Мертвые буковые листья содрогнулись над ними и дождем посыпались вокруг.

Гвенллиан подпрыгнула, чтобы достать его.

Auxiril! – взмолился он снова.

– Оно тебя не спасет!

Auxiril, – прошептал он, вцепившись в дерево.

Остатки осенних листьев с шорохом и шипением опали с ветвей. Ветви сплелись. Земля вспучилась под натиском корней, вгрызавшихся в нее все глубже. Гвенллиан попыталась ухватиться за ветку – и не смогла удержаться. Ветвь под ней дернулась и изогнулась немыслимой петлей. Земля внизу шептала и шептала вслед тянувшимся корням – они были слишком далеко от дороги мертвых, чтобы сделать это, а Артемус все равно это сделает, как это типично, типично, типично для него – а затем Гвенллиан рухнула вниз, когда ветвь под ней дернулась снова.
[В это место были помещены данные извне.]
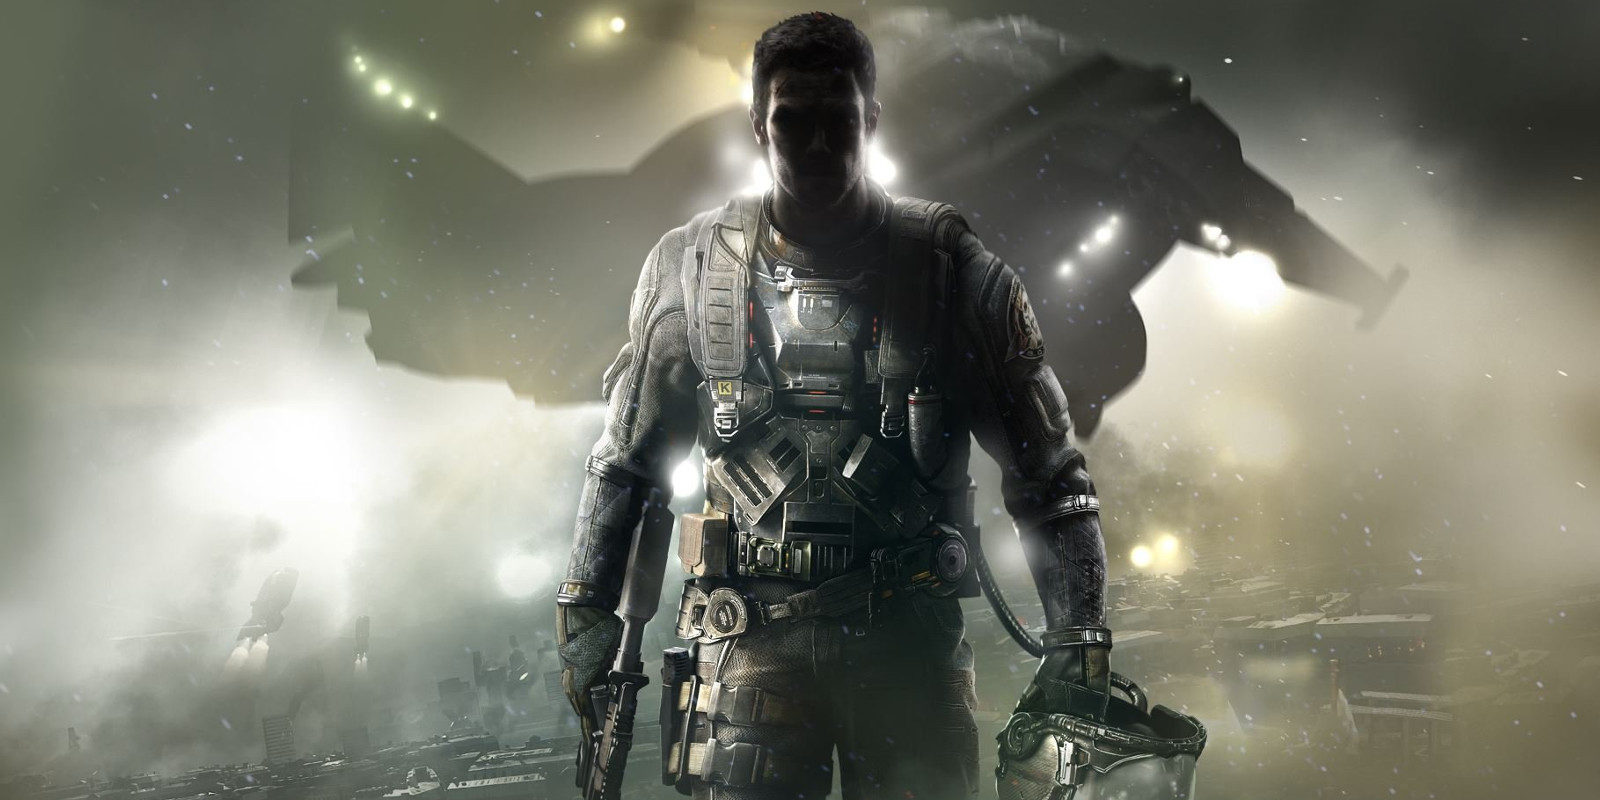 Las ventas de 'Call of Duty: Infinite Warfare' caen casi un 50% respecto a 'Black Ops III'

Она упала, тяжело приземлившись на плечо, задохнувшись от удара об землю, а когда подняла голову, то увидела уставившихся на нее Блу и ее мертвого друга. Остальные стояли в дверях дома, но Гвенллиан была оглушена падением и не разбирала лиц.

– Что?! – воскликнула Блу. – Что это было только что? Он что…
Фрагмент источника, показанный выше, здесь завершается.